Сложно также локализовать доверие в каких-то конкретных разделах управления персоналом или организационной психологии. Например, доверие может рассматриваться и как мотивационный фактор, и как фактор делового этикета (начиная с дресс-кода и кончая техниками «вежливого отказа»), и как условие командообразования, психологической совместимости, принятия решения, психологической безопасности, формальных и неформальных отношений и тому подобного. Соответственно, в каждом из этих направлений деятельности могут быть свои специфические особенности формирования и развития доверительных деловых отношений, которые могут рассматриваться в специальных исследованиях.

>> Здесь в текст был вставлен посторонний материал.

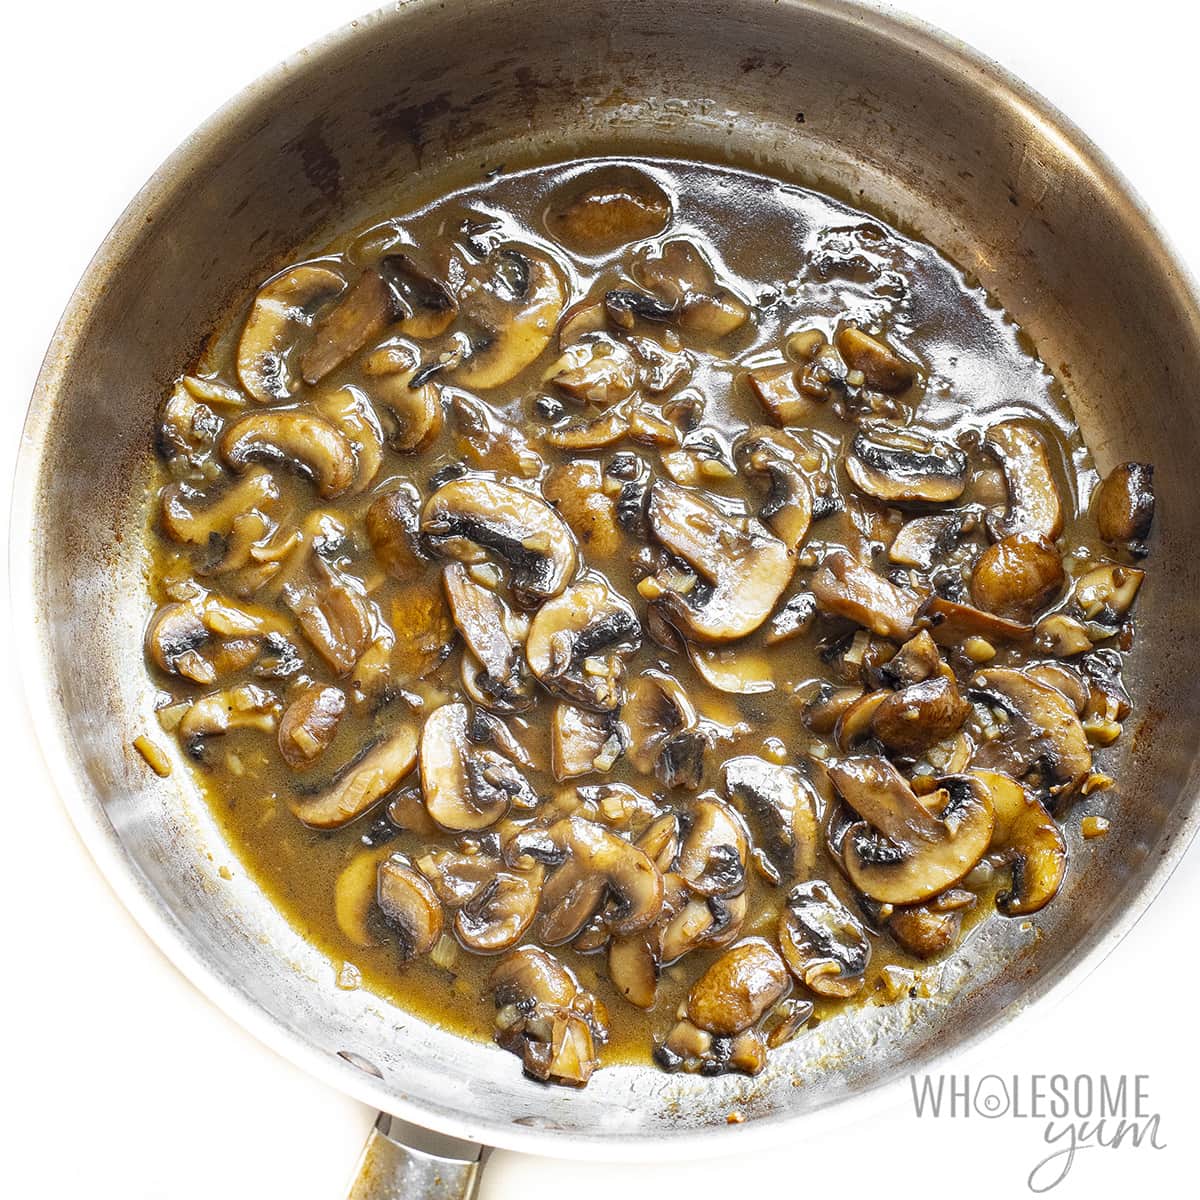 Mushrooms with broth and wine added.

Важно упомянуть итальянского учёного Диего Гамбетту, ныне работающего в Оксфордском университете, который внёс заметный вклад в концепцию доверия. Он работает с этим концептом на протяжении более тридцати лет. Им были выделены роли «клиента» и «контрактора». У клиента, как правило, должна иметься некоторая цель, которой он желал бы достичь. Если у человека нет стоящей цели, то нет и необходимости в каких-либо действиях по её достижению. Цель должна обладать достаточной притягательностью, чтобы человек, не обладая собственными возможностями для её достижения, начал бы подбирать другого человека, который бы смог «достать звезду» для него. Показано, что, подбирая контрактора, лицо, выступающее в роли клиента, делает это по нескольким причинам. У клиента может не хватать времени, достаточных знаний и умений, наконец, просто здоровья для самостоятельных независимых действий. Чтобы обратиться к контрактору, клиент должен верить в то, что цель в принципе можно достичь и что лицо, которому он доверяет действия за себя, обладает необходимыми качествами, чтобы добиться успеха. Он должен быть энергичен, компетентен, успешен и, самое главное, честен. В противном случае у него будет шанс воспользоваться успехом не в интересах клиента, а в своих собственных. Первый образ, который возникает при таком описании того, что требуется от контрактора, это деятельность юристов, нотариусов и тому подобных специалистов. Но ведь и сотрудники банка, передавая в кредит финансовые ресурсы, также могут выступать в роли клиента и должны определить свой уровень доверия к тому, что получатель кредита (в данном случае контактор) расплатится по нему и не создаст проблем банку. В личной жизни, создавая новую семью, мы также одновременно выступаем и в роли клиента, и в роли контрактора (Ermisch, Gambetta, 2010).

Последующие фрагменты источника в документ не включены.